SOLID GOLD BERJANGKA – Presiden Joko Widodo (Jokowi) mengeluarkan kebijakan pembangunan sejuta rumah untuk Masyarakat Berpenghasilan Rendah (MBR). Sayangnya, masih banyak kendala dihadapi oleh pengembang, seperti kurangnya dukungan dari perbankan pelaksana KPR dan sulitnya pasokan aliran listrik.

“Program sejuta rumah murah dari Pak Presiden Jokowi itu sangat bagus sekali. Artinya, dengan program tersebut, kita punya semangat yang tinggi kembali,” kata Ketua Umum Asosiasi Pengembang Perumahan dan Pemukiman Seluruh Indonesia (Apersi) Eddy Ganefo di sela menghadiri acara Preparatory Committee (PrepCom) 3 for Habitat III di Surabaya, Senin (25/7/2016) malam.

Sayangnya, ada beberapa kendala yang dihadapi oleh pengembang pembangunan rumah murah untuk MBR seperti kurangnya dukungan dari perbankan pelaksana KPR.

“Kendalanya saat ini seperti lambatnya perbankan dalam melaksanakan akad KPR. Jadi banyak rumah yang sudah jadi, sudah ada konsumennya, tapi dalam akad KPR-nya masih sangat lambat,” tuturnya.

“Kita berharap persoalan ini segera dievaluasi oleh perbankan pelaksana supaya lebih cepat lagi (merealisasikan KPR). Juga perlu dievaluasi oleh kementerian,” jelasnya.

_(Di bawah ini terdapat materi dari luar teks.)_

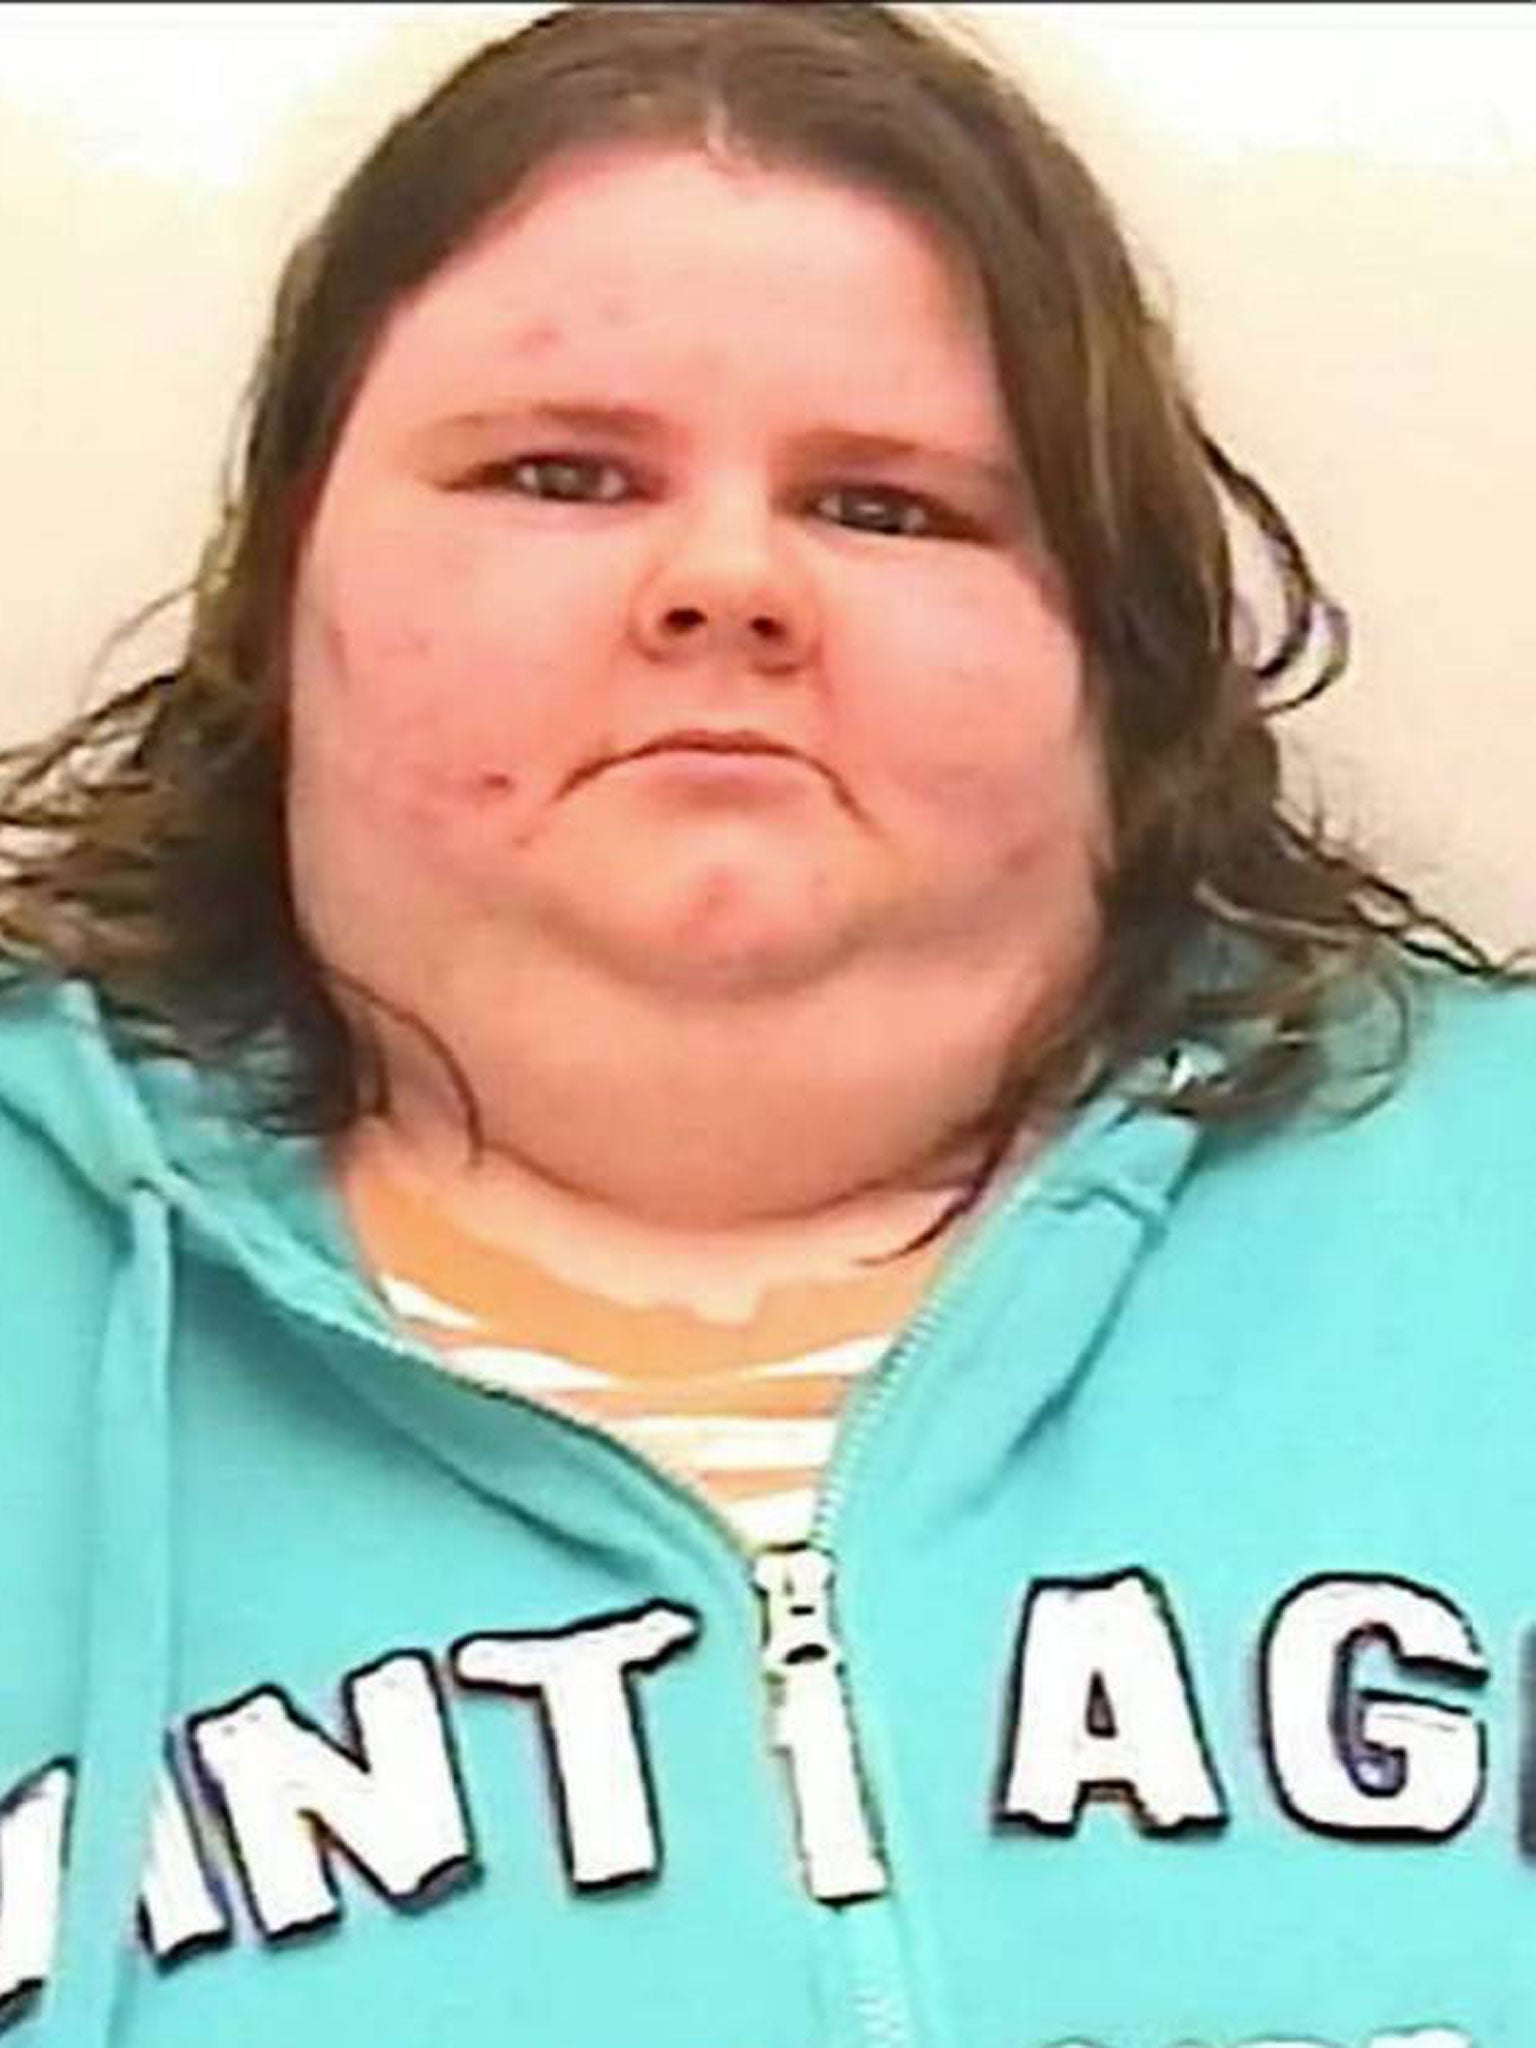 Michelle Chapman has been sentenced to 20 months in prison for setting up fake Facebook profiles to send herself offensive messages
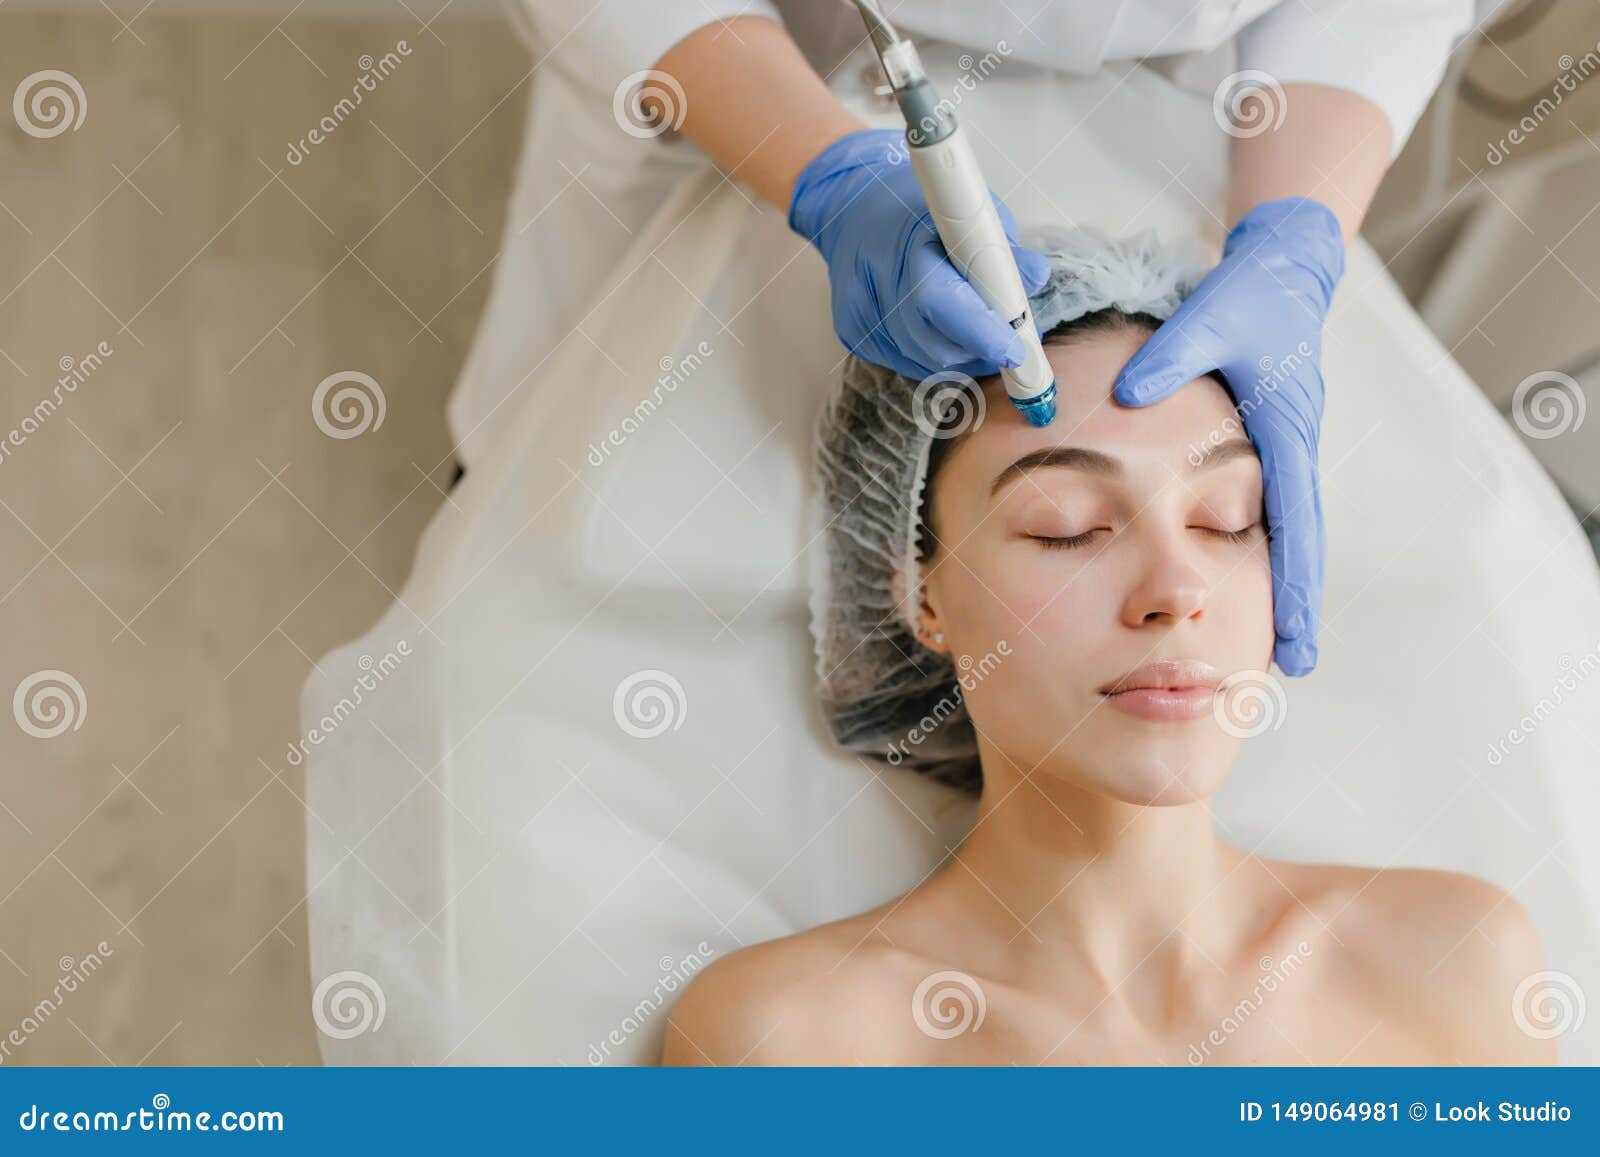 view from above of beautiful woman enjoying cosmetology procedures, rejuvenation in beauty salon. dermatology, doctor at
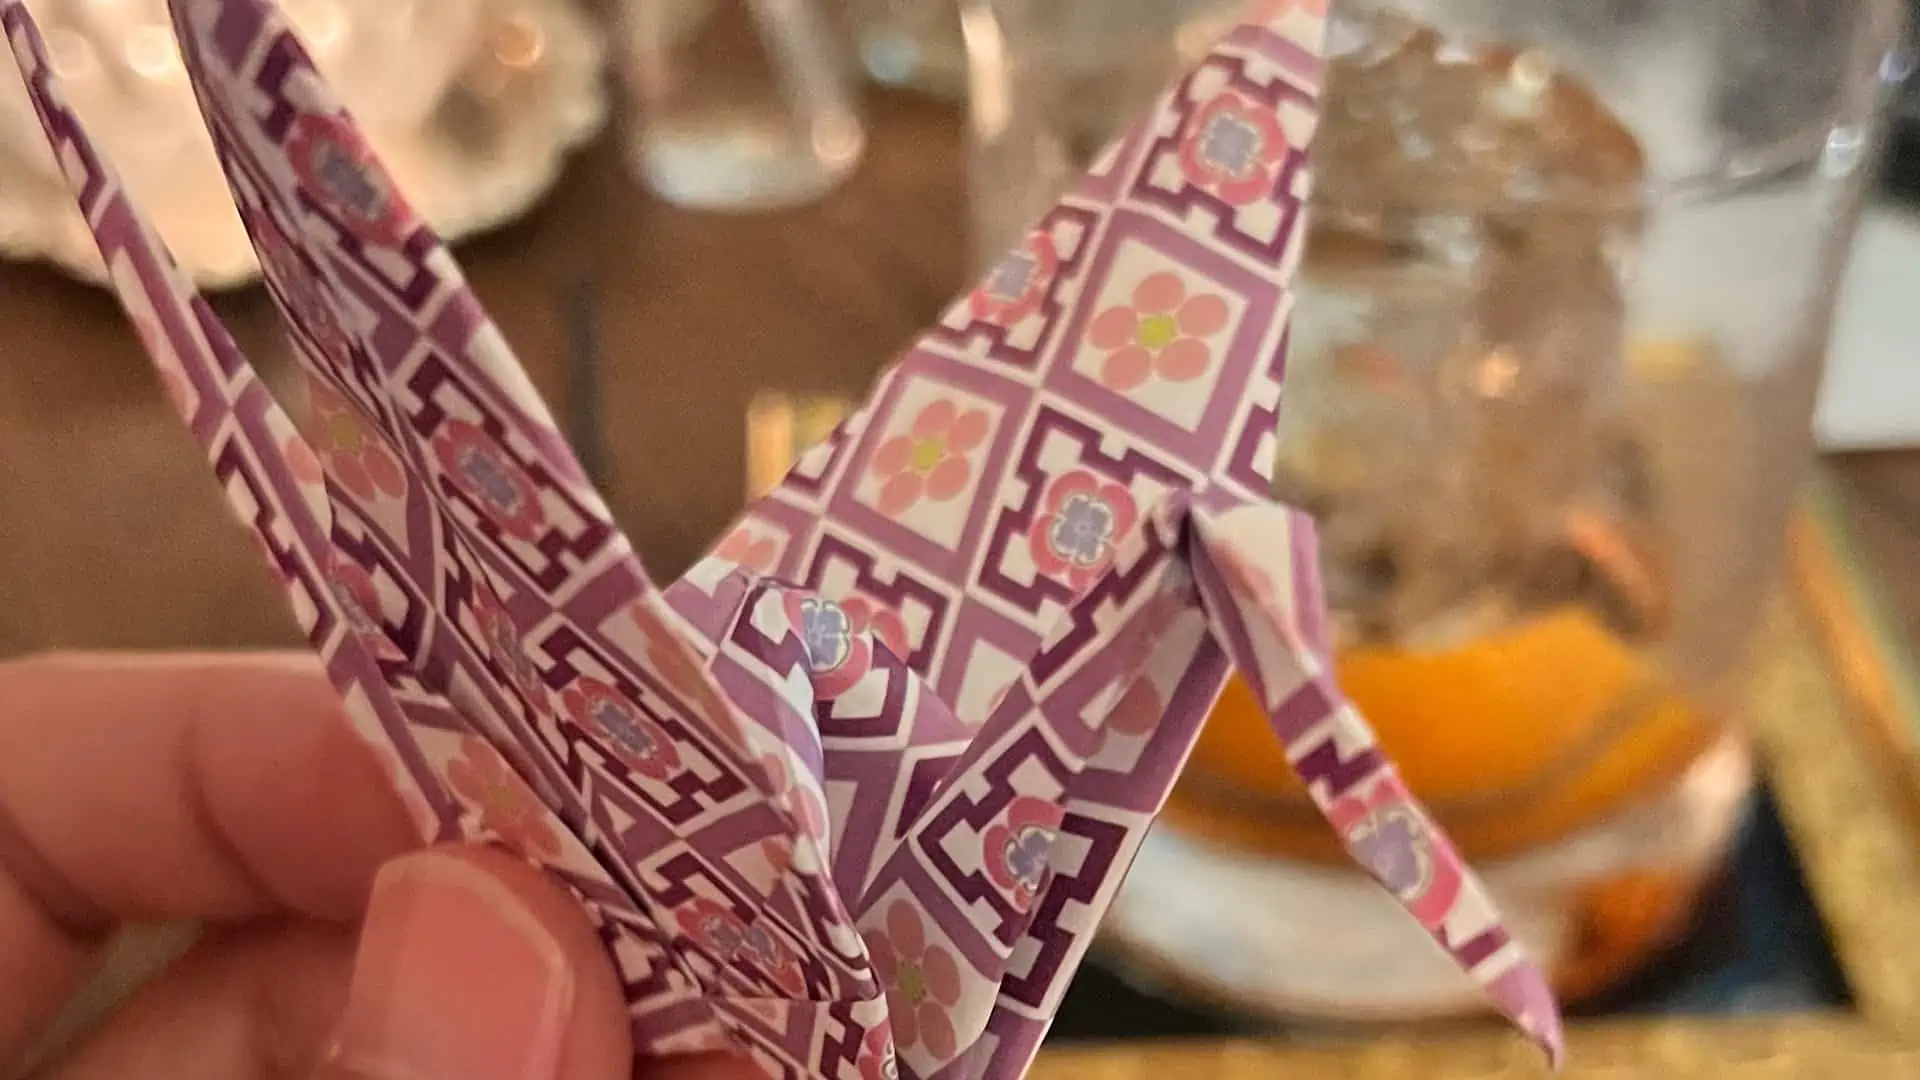 Origami of bird in front of a cocktail

Selain itu, juga kurang dukungan pasokan listrik dari PLN, sehingga perbankan juga enggan menyetujui KPR.

“Perbankan tidak mau menerima KPR, karena belum tersedianya aliran listrik. Harusnya ada sinergi dari berbagai pihak untuk mendukung program sejuta rumah,” jelasnya.

Terkait masalah perizinan, Eddy menilai dengan dikeluarkannya paket ekonomi yang ke-12 dari Presiden Jokowi, diharapkan sudah tidak menjadi kendala.

“Tapi kita menunggu peraturan teknisnya, agar kebijakan tersebut dapat dilaksanakan,” ujarnya.

Sedangkan pengadaan lahan, kata Eddy, masih bisa dimaklumi. Ia mengakui, untuk mencari lahan untuk rumah murah di tengah kota memang sulit, sehingga dipilihlah lokasi di kawasan pinggiran.

“Kalau mau ambil rumah murah di dalam kota itu nggak mungkin, karena tidak sesuai dengan harga lahannya,” terangnya.

“Meskipun di daerah pinggiran tidak apa-apa, yang penting pemerintah daerah setempat menyiapkan fasilitas jalannya, infrastruktur, maupun angkutan umumnya,” jelasnya.

Realisasi penjualan rumah untuk MBR yang dibangun pengembang dari Apersi pada tahun lalu mencapai 80.000 unit.

Sedangkan hingga triwulan II tahun ini sudah mencapai 40.000-50.000 unit rumah murah yang sudah terjual.

“Tahun ini kita harapkan bisa terjual 100.000 unit atau minimal 80.000 unit,” katanya.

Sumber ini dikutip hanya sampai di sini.